The fair value of restricted stock awards (“RSAs”) and restricted stock units (“RSUs”) is the product of the number of shares granted and the grant date fair value of the Company’s stock. RSAs and RSUs are converted into shares of the Company’s common stock upon vesting on a one-for-one basis. Typically, vesting of RSAs and RSUs is subject to the employee’s continuing service to the Company. RSAs and RSUs generally vest over a period of four years and are expensed ratably on a straight-line basis over their respective vesting period net of estimated forfeitures.

 

In the periods presented, the Company has issued non-vested stock options and RSUs with performance goals to certain senior members of management. The number of non-vested stock options or non-vested RSUs underlying each award may be determined based on a range of attainment within defined performance goals. The Company is required to estimate the attainment that will be achieved related to the defined performance goals and the number of non-vested stock options or non-vested RSUs that will ultimately be awarded in order to recognize compensation expense over the vesting period. If the Company’s initial estimates of performance goal attainment change, the related expense may fluctuate from quarter to quarter based on those estimates and if the performance goals are not met, no compensation cost will be recognized and any previously recognized compensation cost will be reversed. In the nine months ended January 31, 2012, the Company reversed approximately $0.1 million of previously recognized expense on unvested stock options and RSUs related to certain performance grants, due to the previous chief executive officer’s departure from the Company’s board of directors.

 

There was no tax benefit from the exercise of stock options related to deductions in excess of compensation cost recognized in the three and nine months ended January 31, 2012 and 2011. The Company reflects the tax savings resulting from tax deductions in excess of expense reflected in its financial statements as a financing cash flow.

 

9



Table of Contents

 

Investments

 

Investment securities that have maturities of more than three months at the date of purchase but current maturities of less than one year are considered short-term investments. Long-term investment securities include any investments with remaining maturities of one year or more and auction rate securities that failed to settle beginning in fiscal 2008, for which conditions leading to their failure at auction create uncertainty as to whether they will settle in the near-term.

 

Short term investments consist primarily of certificates of deposit and long-term investments consist of asset backed preferred equity securities. The Company’s investment securities are maintained at a major financial institution, are classified as available-for-sale, and are recorded on the Condensed Consolidated Balance Sheets at fair value, with unrealized gains and losses, if any, included in accumulated other comprehensive income (loss), a component of stockholders’ equity, net of tax.

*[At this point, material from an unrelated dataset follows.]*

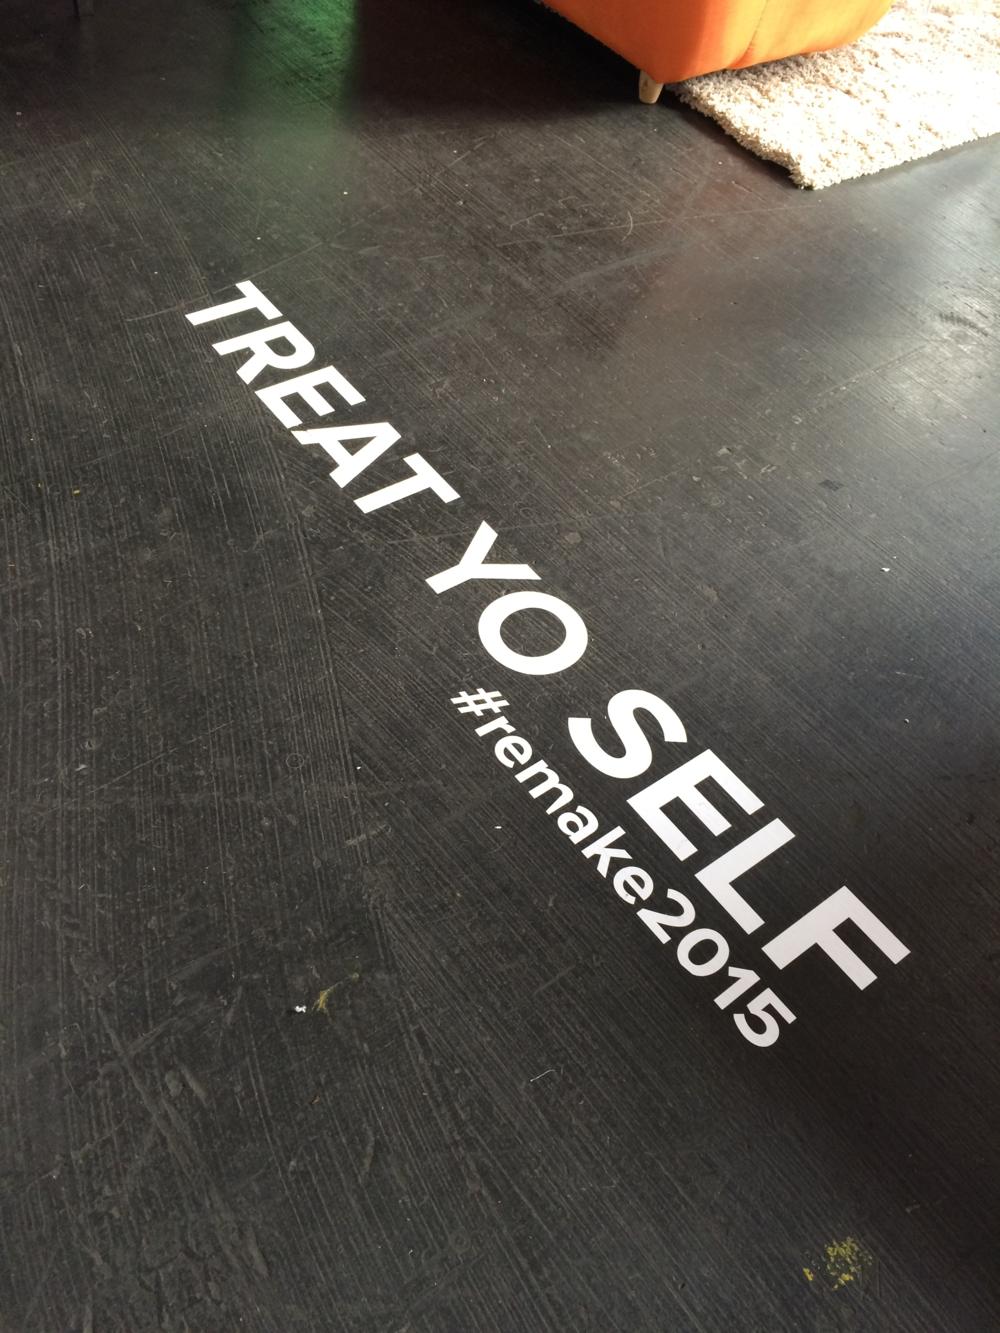 Even the floor was inspiring!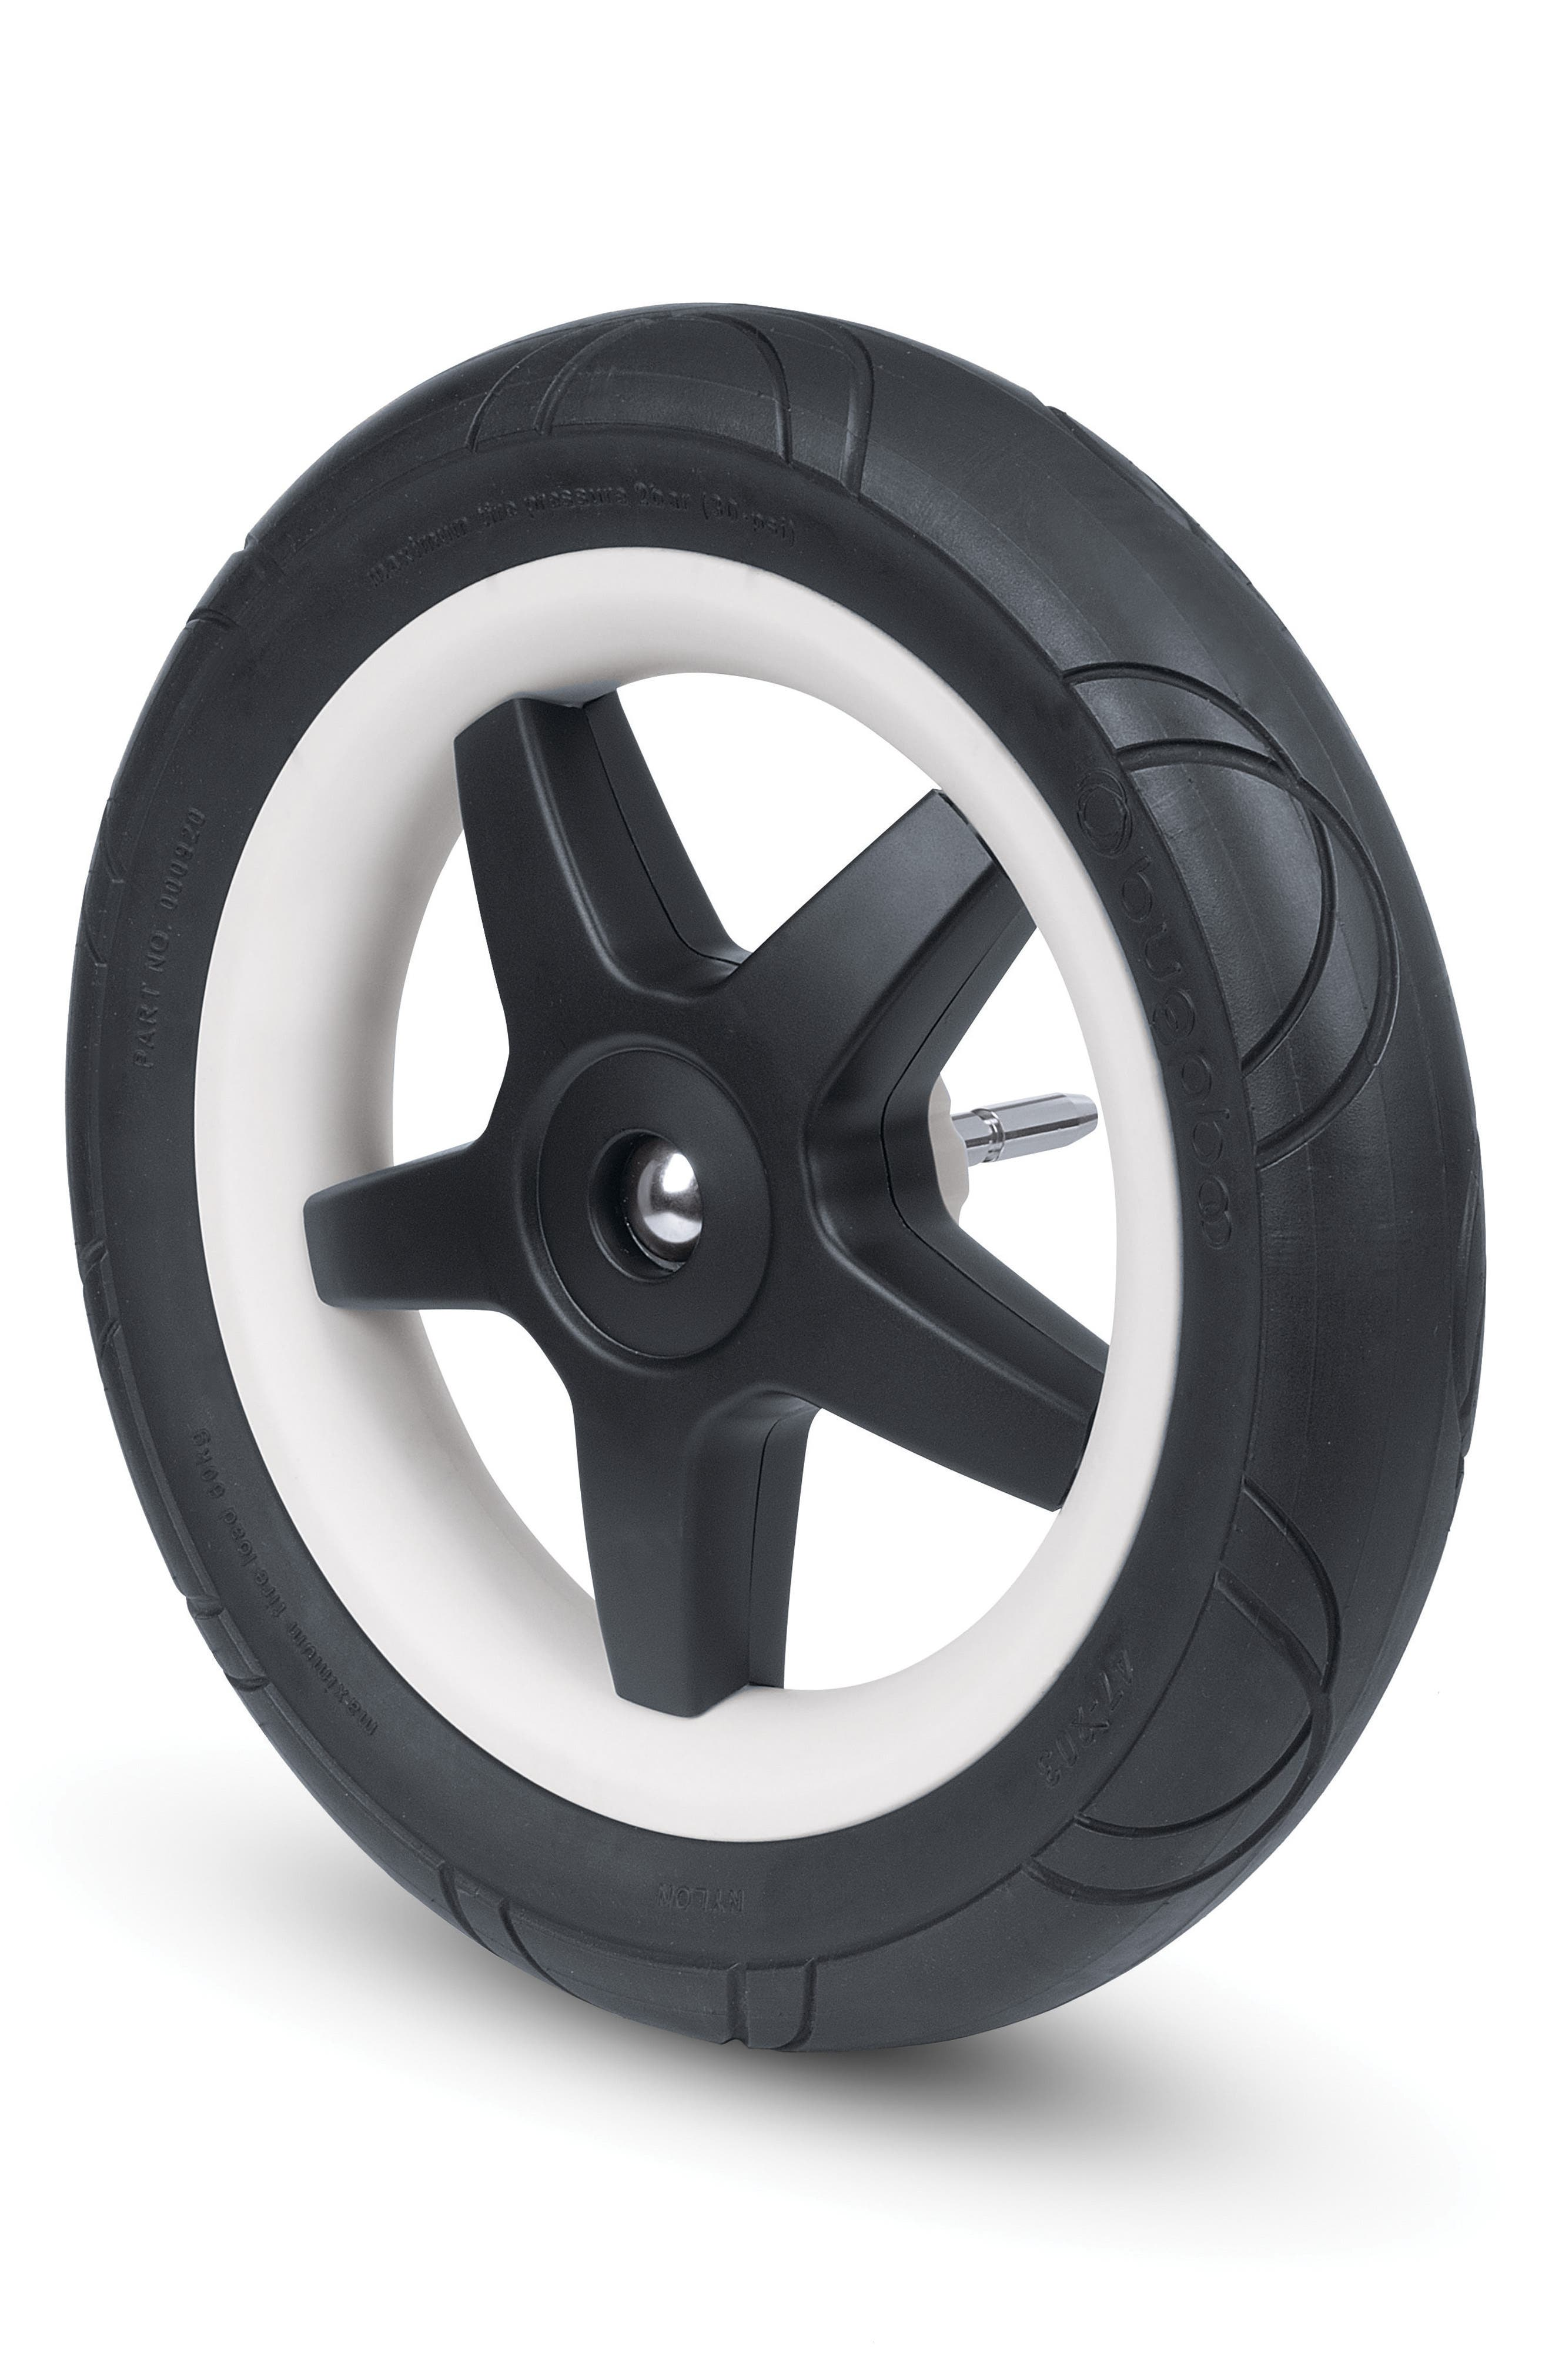 Bugaboo 2-Piece Foam Wheel Set for Donkey Series Strollers

If the Company sells its investments prior to their maturity, it may record a realized gain or loss in the period the sale took place. In the three and nine months ended January 31, 2012 and 2011, the Company realized no gains or losses on its investments.

 

The Company evaluates its investments periodically for possible other-than-temporary impairment by reviewing factors such as the length of time and the extent to which the fair value has been below cost-basis, the financial condition of the issuer and the Company’s ability to hold the investment for a period of time, which may be sufficient for anticipated recovery of the market value. To the extent that the historical cost of the available for sale security exceeds the estimated fair market value, and the decline in value is deemed to be other-than-temporary, an impairment charge is recorded in the Condensed Consolidated Statements of Operations.

 

10



Table of Contents

 

Impairment of Long-lived Assets

 

The Company continually monitors events and changes in circumstances that could indicate that carrying amounts of long-lived assets, including intangible assets, may not be recoverable. When such events or changes in circumstances arise, the Company assesses the recoverability of its long-lived assets by determining whether the carrying value of such assets will be recovered through undiscounted expected future cash flows. If the total of the undiscounted future cash flows is less than the carrying amount of the assets in question, the Company recognizes an impairment loss based on the excess of the carrying amount over the fair value of the assets.

 

The Company evaluates the recoverability of its amortizable purchased intangible assets based on an estimate of undiscounted future cash flows resulting from the use of the related asset group and its eventual disposition. The asset group represents the lowest level for which cash flows are largely independent of cash flows of other assets and liabilities. Measurement of an impairment loss for long-lived assets that the Company expects to hold and use is based on the difference between the fair value and carrying value of the asset. Long-lived assets to be disposed of are reported at the lower of carrying amount or fair value less costs to sell.

 

3.             BALANCE SHEET ACCOUNTS

 

Inventories

 

Inventories comprised (in thousands):

 

 

 

January 31,
2012

 

April 30,
2011

 

 

 

 

 

 

 

Raw materials

 

$

45

 

$

37

 

Work In Progress

 

7

 

 

Finished goods

 

3,799

 

4,652

 

 

 

 

 

 

 

Total

 

$

3,851

 

$

4,689

 

 

Stock-based compensation capitalized in inventories was not material at January 31, 2012 and April 30, 2011, respectively.

 

Investments

 

The following table summarizes the Company’s investments as of January 31, 2012 (in thousands):

 

 

 

 

 

Gross

 

Gross

 

 

 

 

 

 

 

Unrealized

 

Unrealized

 

 

 

 

 

Cost

 

Gains

 

Losses

 

Fair Value

 

Certificates of deposit

 

$

2,400

 

$

 

$

 

$

2,400

 

Asset backed preferred equity securities

 

9,975

 

 

(9,875

)

100

 

Total

 

$

12,375

 

$

 

$

(9,875

)

$

2,500

 

 

11



Table of Contents

 

The following table summarizes the Company’s investments as of April 30, 2011 (in thousands):

 

 

 

Cost

 

Gross
Unrealized
Gains

 

Gross
Unrealized
Losses

 

Fair Value

 

Certificates of deposit

 

$

3,360

 

$

 

$

 

$

3,360

 

Asset backed preferred equity securities

 

9,975

 

 

(9,875

)

100

 

Total

 

$

13,335

 

$

 

$

(9,875

)

$

3,460

 

 

As of April 30, 2011 and January 31, 2012, all of the Company’s short-term investments were held in certificates of deposit and long-term investments were held in asset backed preferred equity securities. The long-term investments are tied to auction rate securities that failed to settle at auction beginning in fiscal 2008, for which there appears to be no near-term market. As of January 31, 2012 and April 30, 2011, the Company continued to hold asset backed preferred equity securities with a par value of $10.0 million and a fair value of $0.1 million.

 

For the three and nine months ended January 31, 2012 and 2011, no gains or losses were realized on the sale of short-term and long-term investments. There were no unrealized gains or losses included in accumulated other comprehensive loss in the accompanying Condensed Consolidated Balance Sheets as of January 31, 2012 and April 30, 2011.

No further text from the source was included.